La validité du syllogisme dépend de la validité de la majeure énoncée comme un postulat, vrai dans le premier exemple, faux dans le second (la rareté n’est pas réductible au champ commercial).

Appliqué à l’esclavage des Africains :  

Le blanc est le critère d’humanité.

Or ceux dont il s’agit sont noirs.

Donc ils ne sont pas des hommes.

L’objectif est de valider l’esclavage : s’ils ne sont pas des hommes, ils sont (comme) des animaux.

Quand les verrous fonctionnent, la majeure du racisme est implicite : personne ne se risque à proclamer ouvertement que le blanc est le critère de l’humanité – une affirmation que nuance le discours dominant actuel aux USA .

Dans le contexte de l’esclavage où les verrous ne sont pas construits, la majeure est explicite : les noirs n’ont pas d’âme (l’âme est blanche comme Dieu) donc ils ne sont pas humains donc on peut les réduire en esclavage.

Le discours simple de l’ironie  (l’idéal présenté comme le réel qui en est l’opposé) se développera autour de = Voyez comme ces nègres sont plus blancs que blancs !  

Ce discours simple n’existe qu’à partir du moment où se manifeste un questionnement qui révèle que le critère ne va plus de soi.

Compte tenu de la faiblesse du critère – les esclavagistes couchent avec les femmes noires esclaves – le discours simple court le risque d’être perçu comme le simplisme idéologique qu’il est.

La différence entre l’humour « plat » qui dénote le réel noir « Ceux dont il s’agit sont noirs depuis les pieds jusqu’à la tête » et l’ironie « lyrique » imaginée (qui semble le dénoter) « C’est extraordinaire comme ces êtres noirs, absolument noirs,  mais oui ! sans la moindre petite partie blanche,  sont l’image exacte de Dieu, qui, comme tout le monde le sait, a la belle couleur de la suie de nos cheminées ! » est dans la majeure inversée : Dieu noir ( idéal perverti signalé par la petite touche de blanc) est un inacceptable qui valide l’inacceptable du réel noir.

Oui. C’est vraiment tordu.

Humour et ironie

« Faut-il prendre l’époque au sérieux ? ».

Tel était l’intitulé des débat des Matins (France Culture – 15/01/2026).  G. Erner avait invité Laelia Véron, enseignante-chercheuse en stylistique et langue française à l’université d’Orléans, et Raphaël Llorca, essayiste et communiquant.

Tous les trois ont réussi le tour de force de parler d’humour et d’ironie pendant quarante minutes sans jamais définir l’un et l’autre, comme si les deux mots qu’ils ont employés sans distinction étaient synonymes.

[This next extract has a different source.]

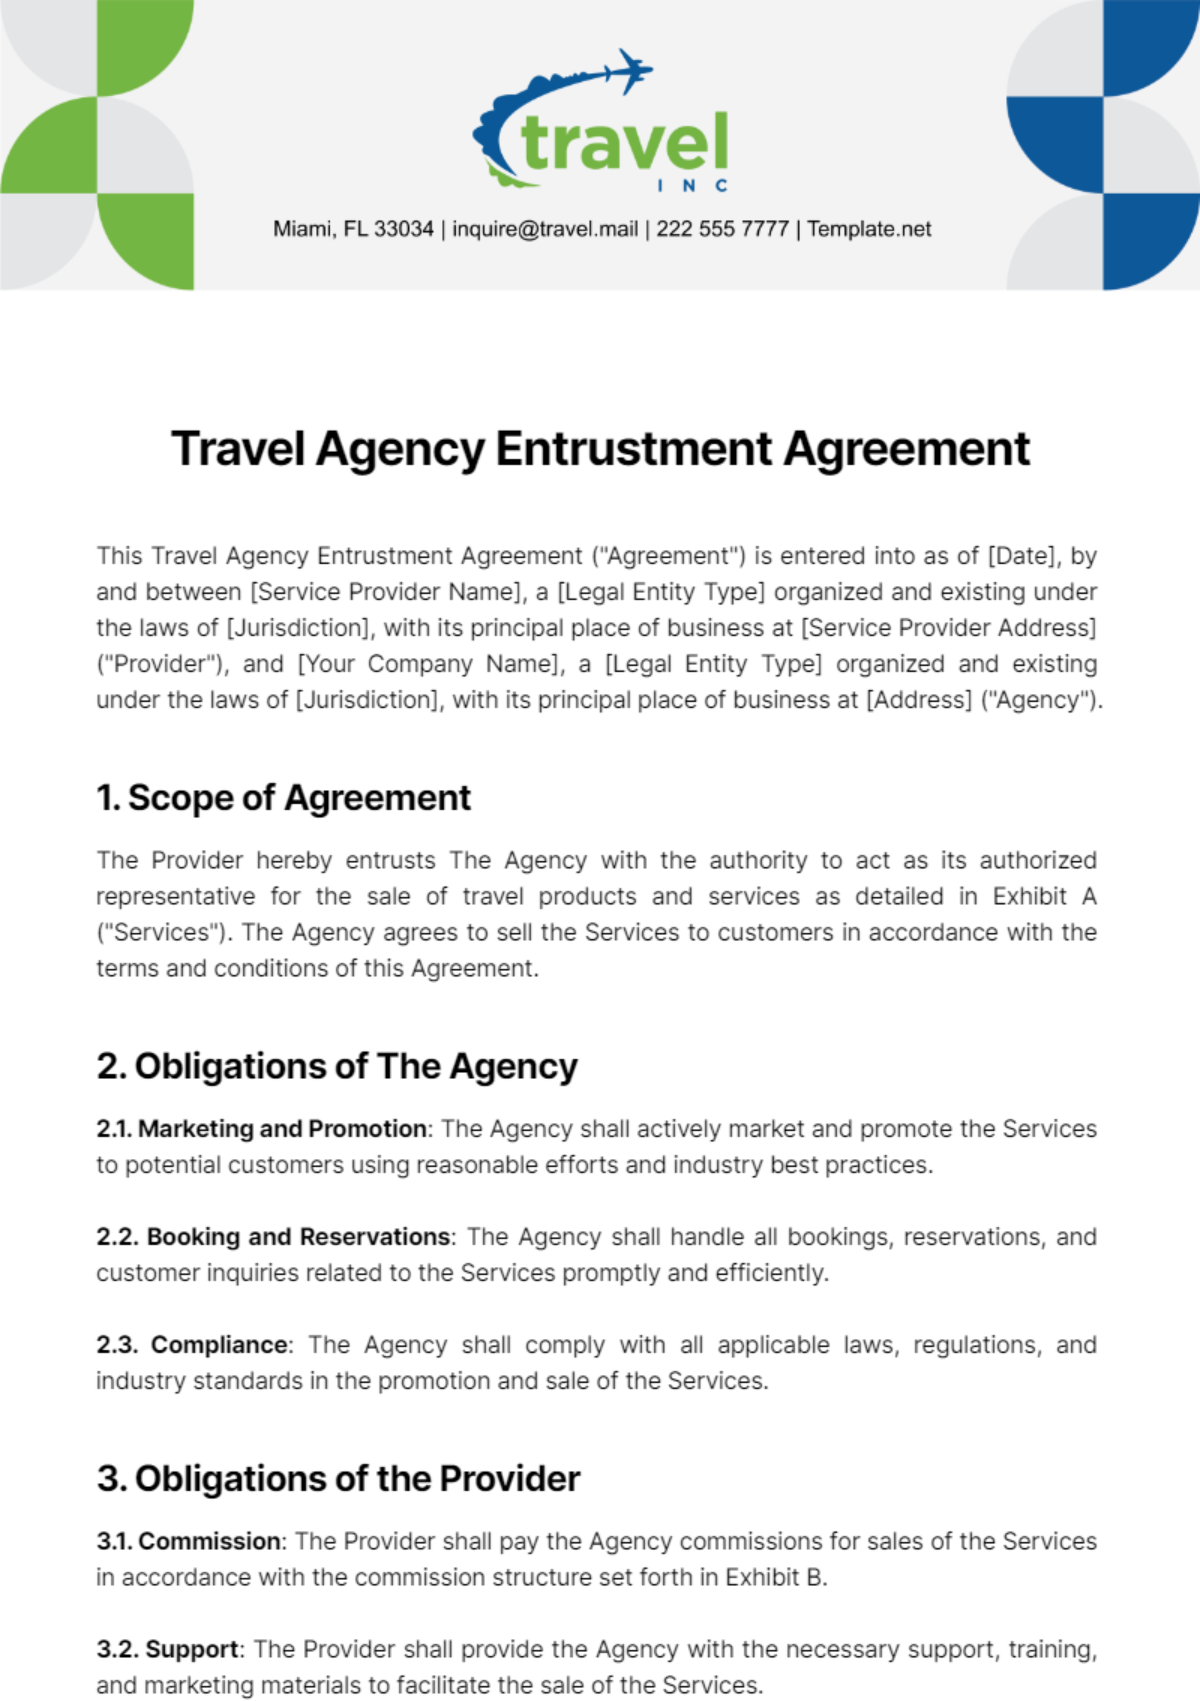 Free Travel Agency Entrustment Agreement Template

Cette confusion conduit ainsi l’enseignante-chercheuse – manifestement de gauche – à assurer que l’humour n’est pas, comme on le croit généralement, un marqueur de gauche mais peut être aussi pratiqué par l’extrême-droite.

Ce n’est pas anodin.

Dire que l’humour peut être un mode d’expression d’extrême-droite revient à lui ôter implicitement ce qui constitue son essence, à savoir l’obsession de l’identité.

L’exemple qu’elle a pris en fin d’émission permettra de comprendre.

Il s’agit du célèbre texte de Montesquieu (De l’Esprit des Lois – Livre 15 – ch.5) intitulé « De l’esclavage des nègres » présenté par elle comme ironique et dont elle dit qu’il a pu être compris au premier degré, c’est-à-dire comme une apologie de l’esclavage alors qu’il en est la critique : il y a là une contradiction, en ce sens que ce qui lui confère une ambiguïté possible est précisément l’humour.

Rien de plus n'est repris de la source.